Теперь сентябрь. Передо мною – сад.Далекий гром закладывает уши.В густой листве налившиеся грушиКак мужеские признаки висят.– Как образно! Как емко! Как точно! – ну правда же, Тема! Вот у кого тебе надо учиться поэзии!.. «Как мужеские признаки висят»…
Услышав это, он тогда даже перестал рисовать багряный клен, кланяющийся обломкам ржавой оградки вокруг заброшенной могилы, – обернулся и посмотрел на Людмилу, в веселых глазах которой поблескивало давно не замечаемое им лукавство. Заметив его удивленный взгляд, она игриво ухмыльнулась и продолжила:
– Ну правда же, Тема, мужская мошонка на грушу похожа!
И она рассмеялась – рассмеялась тем задорным женским смехом со странным намеком внутри, которого он тоже давно не слышал.
– Да, в каком-то смысле похожа, – ответил тогда он, – но твой Еся все же наврал… Ну не может «далекий гром» закладывать человеку уши… Не мо-жет.
Через год или полтора он будет вспоминать и эти строки из Бродского, и этот задорный, двухслойный смех Людмилы, укоряя себя за то, что уже тогда не придал значения этим деталям, которые, как потом оказалось, отражали перемены в ее другой, тайной жизни…
А в то утро, когда он уезжал в Мамонтовку, она засунула бутерброд и термос ему в рюкзак, сонно чмокнула в щеку в прихожей и махнула ему рукой из окна кухни, когда он уже переходил двор наискосок.
Он шел к метро по Осеннему бульвару и опять все та же смутная мысль о предательстве мелькнула в его голове, – но он решительно изгнал ее. Мысль эта была явно неуместна на празднике предстоящего свидания с Натальей.
* * *
День был не по-осеннему теплый, – щедрый подарок бабьего лета.
И вальяжная фигура Натальи, читающей книгу в белом пластмассовом кресле на серой деревянной терраске, и вставленный в тонкогорлую синюю вазу букет из желтых кленовых листьев, и черная бутылка немецкого вишневого ликера, и два пузатеньких (с золотыми искринками света на боках) фужера рядом, и пепельница с дымящей сигаретой, и красная, усыпанная порыжевшими сосновыми иголками, ондулиновая крыша дачного домика, и облитые солнцем шершаво-бурые стволы высоких сосен, – все это словно выплывало из густого тумана загрунтованного холста.
Иногда Наталья отвлекалась от чтения книги, тонкой белой рукой брала фужер с ликером, мелкими, смакующими глотками пила его и долгим, смелым, зазывным взглядом смотрела на Гаевского, – он же короткими мазками кисти сосредоточенно наносил краски на холст. Этот ее взгляд каким-то магическим образом отвлекал его от работы, – он чувствовал его на себе даже затылком, он будто говорил Гаевскому: «Ты не изображать на картине, а любить меня должен».

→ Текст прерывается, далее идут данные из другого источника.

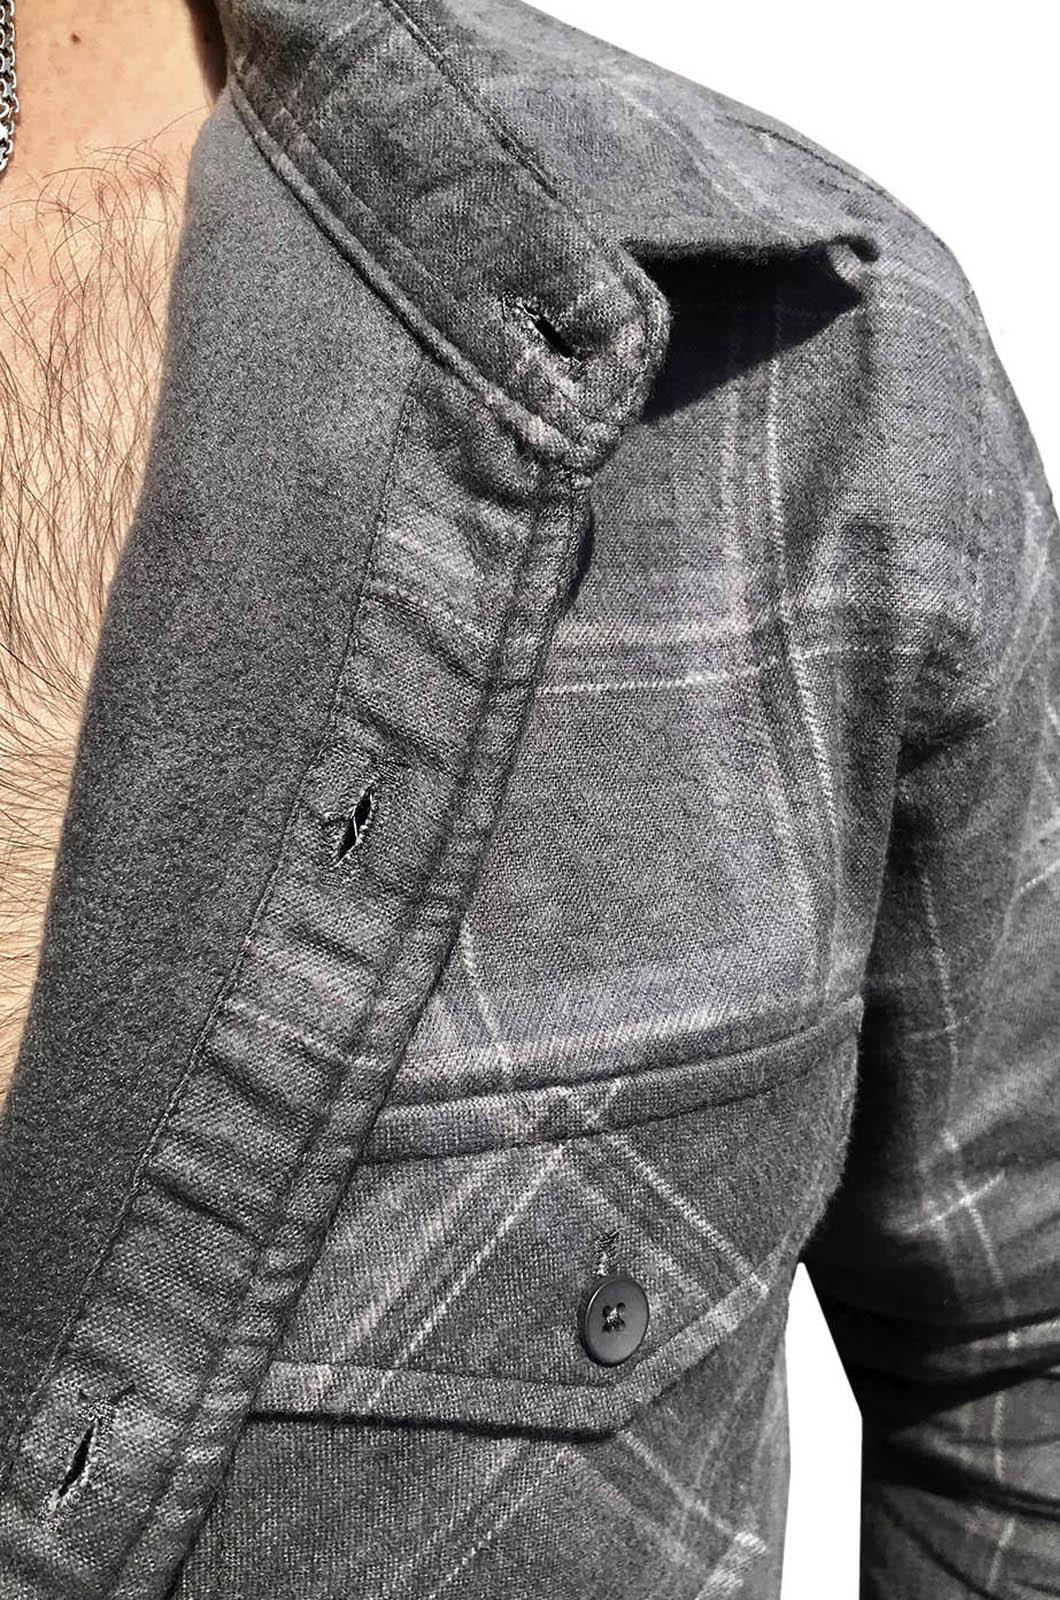 Клетчатая крутая рубашка с вышитым шевроном Каратель - заказать онлайн

И дважды мягко щелкал замок входной дачной двери, и шумела вода в душе, и Леонард Коэн много раз подряд пел одно и то же – «Танцуй со мной до конца любви», и билась на влажных белых простынях великолепно сложенная обнаженная женщина в любовной лихорадке, – издавая протяжные нежные стоны, которые сводили Гаевского с ума…

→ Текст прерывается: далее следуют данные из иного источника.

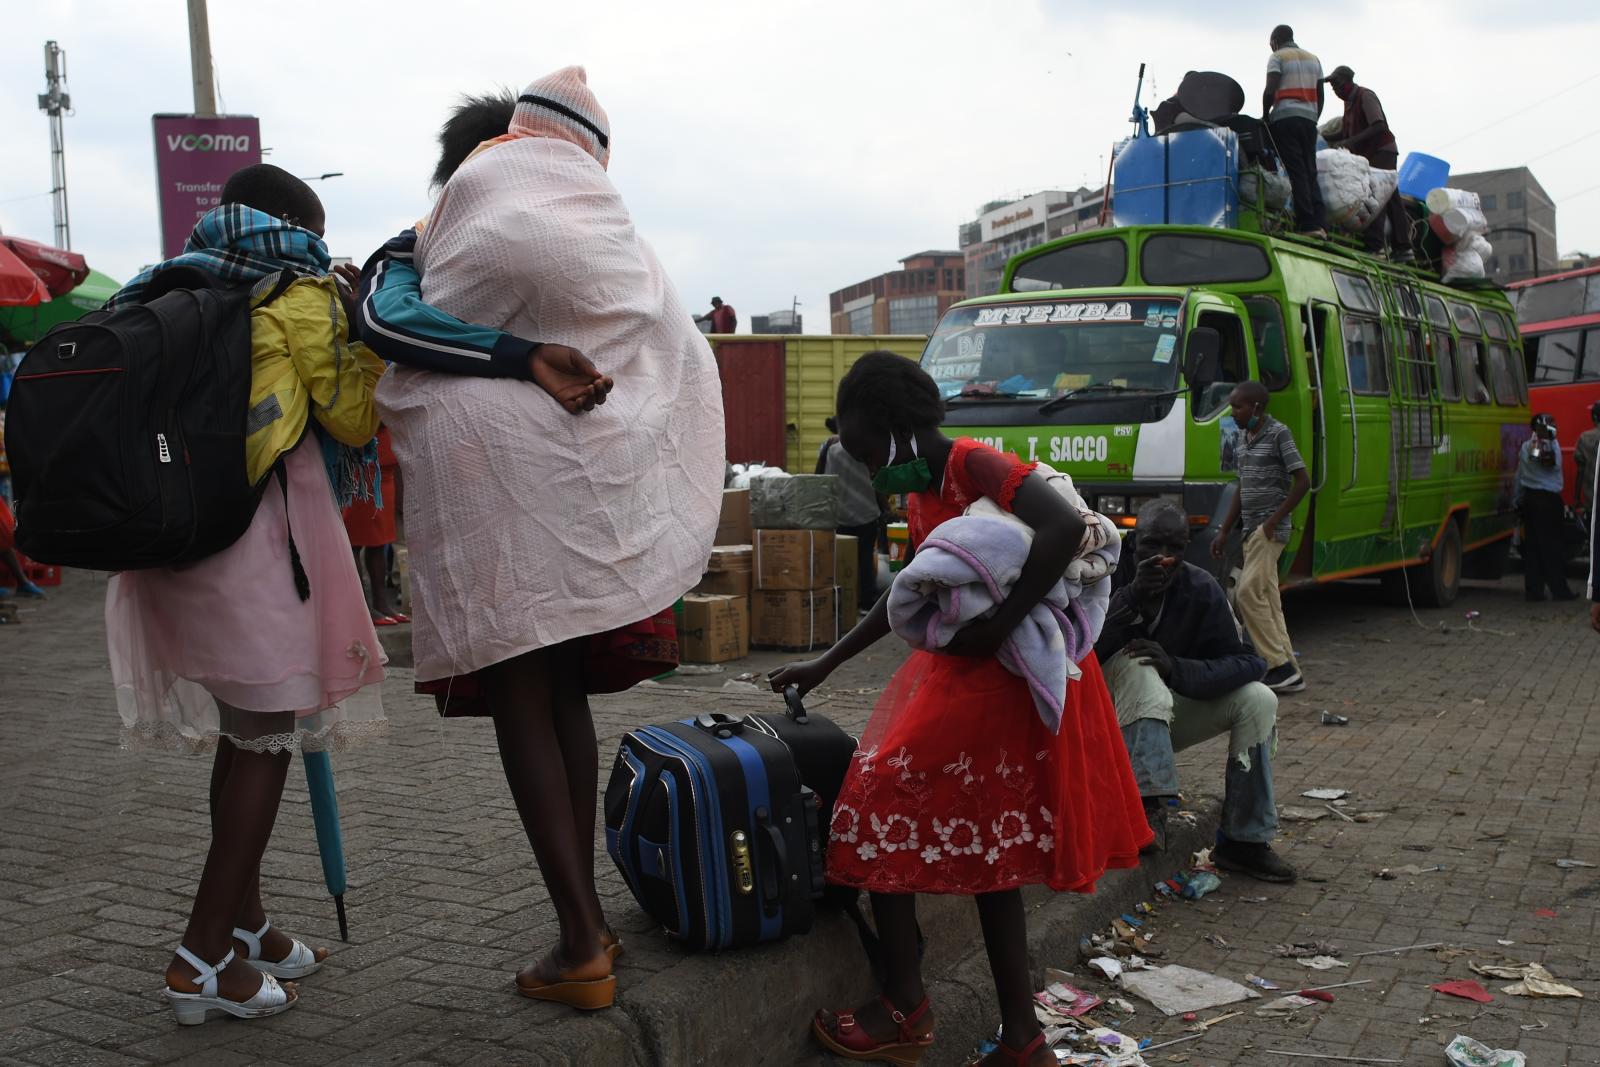 """เด็กวัยรุ่นในเคนยา """"ตั้งครรภ์"""" สูงขึ้น จากมาตรการล็อกดาวน์หยุดโรงเรียน"""

Все шло к тому, что он должен был остаться у нее на ночь. Но он не остался. За четверть века жизни с Людмилой ни разу не было так, чтобы он не возвращался на ночь домой. Правда, – за исключением тех случаев, когда был на учениях, в командировке или в санатории.
* * *
Поздняя вечерняя электричка с мерным лязганьем колес на стыках рельсов неслась к Москве. Гаевский и в Мамонтовке, и уже в вагоне несколько раз звонил жене – не беспокойся, со мной все в порядке.
А для пущей маскировки приврал ей, что встретил старого сослуживца и они душевненько посидели у него на даче. И добавил еще, что «даже нарисовал его дочку». Кажется, Людмила поверила.